Широкие читательские круги, привлеченные занимательно-парадоксальным сюжетом романа, трагикомическими приключениями Рыцаря Печального Образа, не обратили внимания на его глубоко поучительные речи, достойные Посвященного. К тому же в многочисленных сокращенных переизданиях (особенно для детского возраста) эти речи вовсе отсутствовали, значит, были достоянием преимущественно литературоведов.
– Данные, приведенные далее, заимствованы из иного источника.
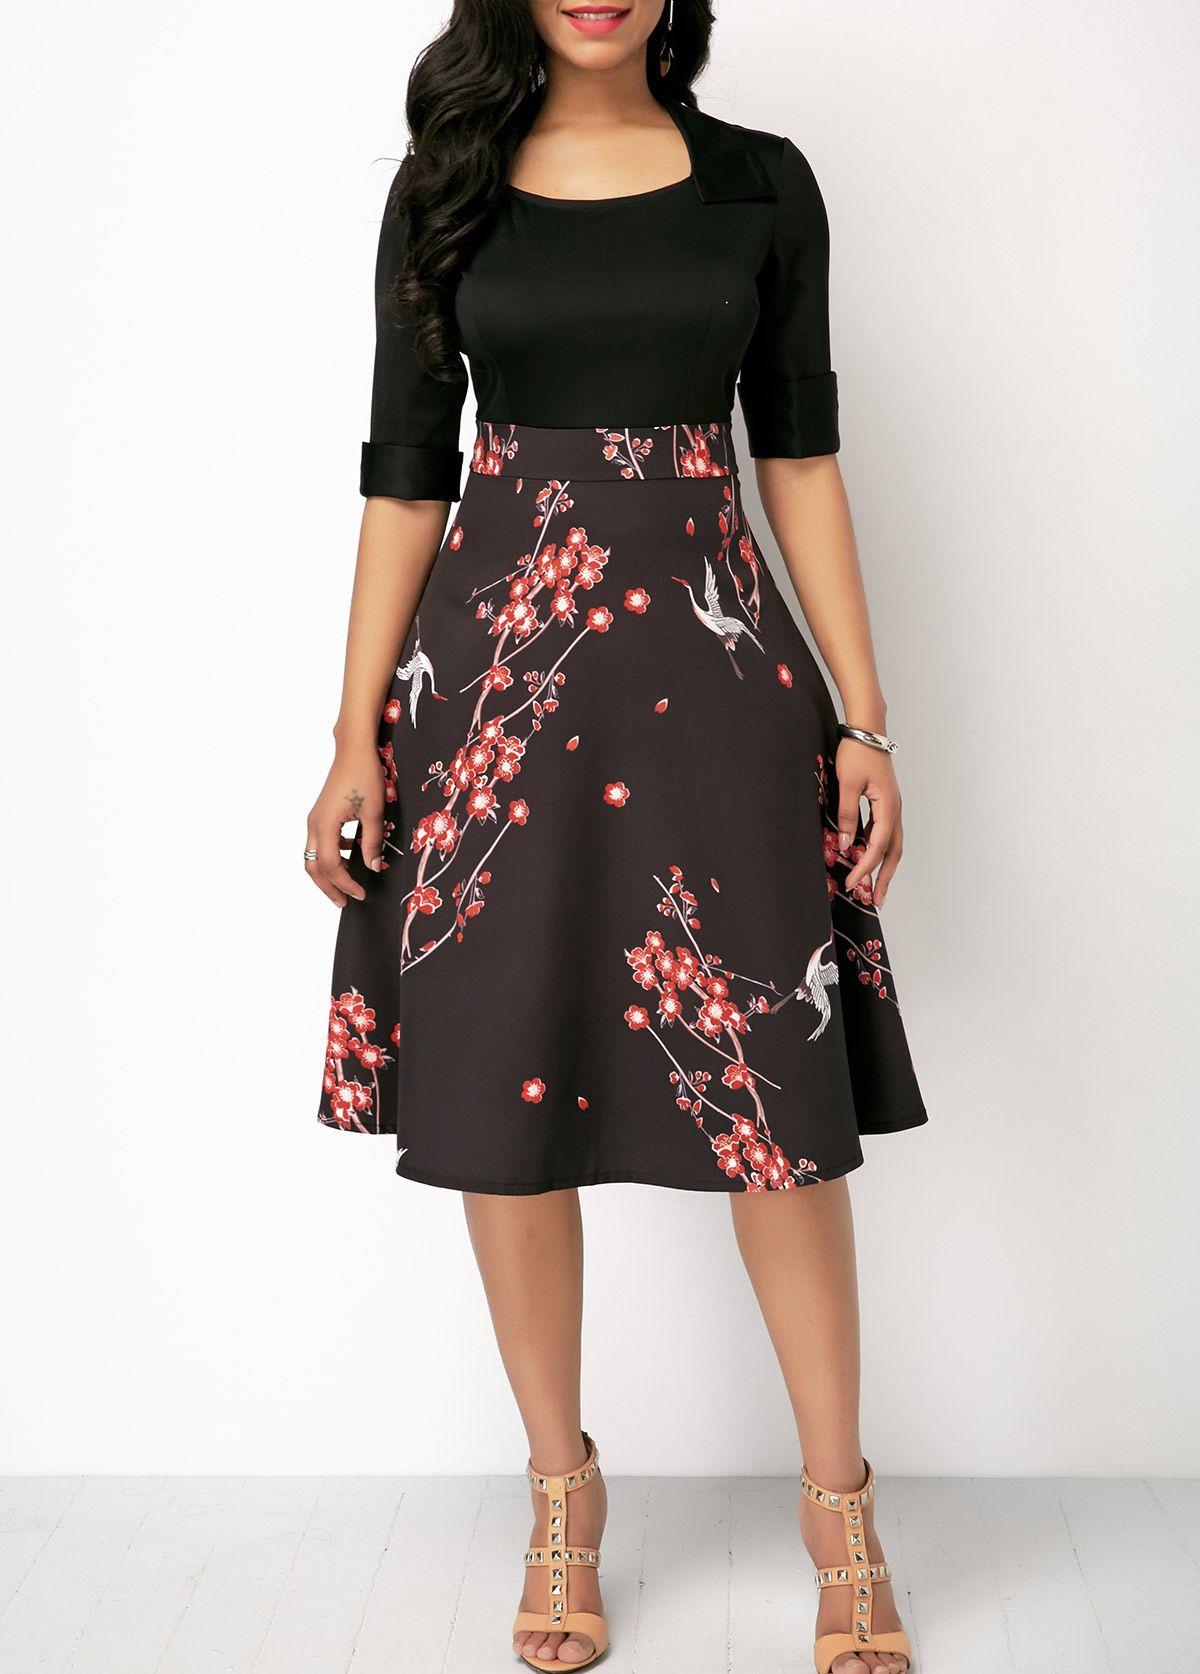 8c13bad309 Black Half Sleeve High Waist Printed Dress

Между тем подлинная душа Дон Кихота обнаруживается не в эксцентриаде его абсурдных (с позиции здравого смысла) поступков, а в рассуждениях, напоминающих диалоги Сократа в передаче Платона, в поучениях, исполненных духовной чистоты и возвышенности. Высказывания героя Сервантеса опровергают ходульное представление о нем, как фанатике одной идеи... Тысячи раз нет!
Дон Кихот – великий гуманист. Он не только знаток всех деталей и тонкостей корпоративно-рыцарского катехизиса, но и обладатель разносторонних знаний, универсально образованный человек, о котором Санчо Панса (простодушный, но необычайно сметливый слуга рыцаря) говорит: «Как примется он нанизывать изречения и давать советы, так ему впору не то, что одну кафедру взять под мышку, а надеть по две на каждый палец и начать направо и налево проповедовать... Чего он только не знает!»
Предоставим слово Дон Кихоту, так отвечающему на попытку ошельмовать избранную им миссию и деятельность на ее поприще:
«…По-вашему, это бесплодное занятие и праздное времяпрепровождение – странствовать по миру, чуждаясь его веселий и взбираясь по крутизнам, по которым доблестные восходят к обители бессмертия?.. Я – рыцарь и, коли будет на то воля Всевышнего, рыцарем и умру. Одни шествуют по широкому полю надутого честолюбия, другие идут путем низкой и рабской угодливости, третьи – дорогою лукавого лицемерия, четвертые – стезею истинной веры, я же, ведомый своею звездою, иду узкой тропой странствующего рыцарства, ради которого я презрел житейские блага, но не честь».
Это кредо оскорбленного и возмущенного рыцаря совершенно соответствует принципиальным установкам эзотеризма, утверждающего: 1) целесообразность смены мест обитания (темные стрелы настигают недостаточно подвижного деятеля); 2) необходимость непрестанного духовного восхождения для бессмертия высшего Эго; 3) выбор узкой горней тропы наверх, а не расхожей дольней дороги вниз...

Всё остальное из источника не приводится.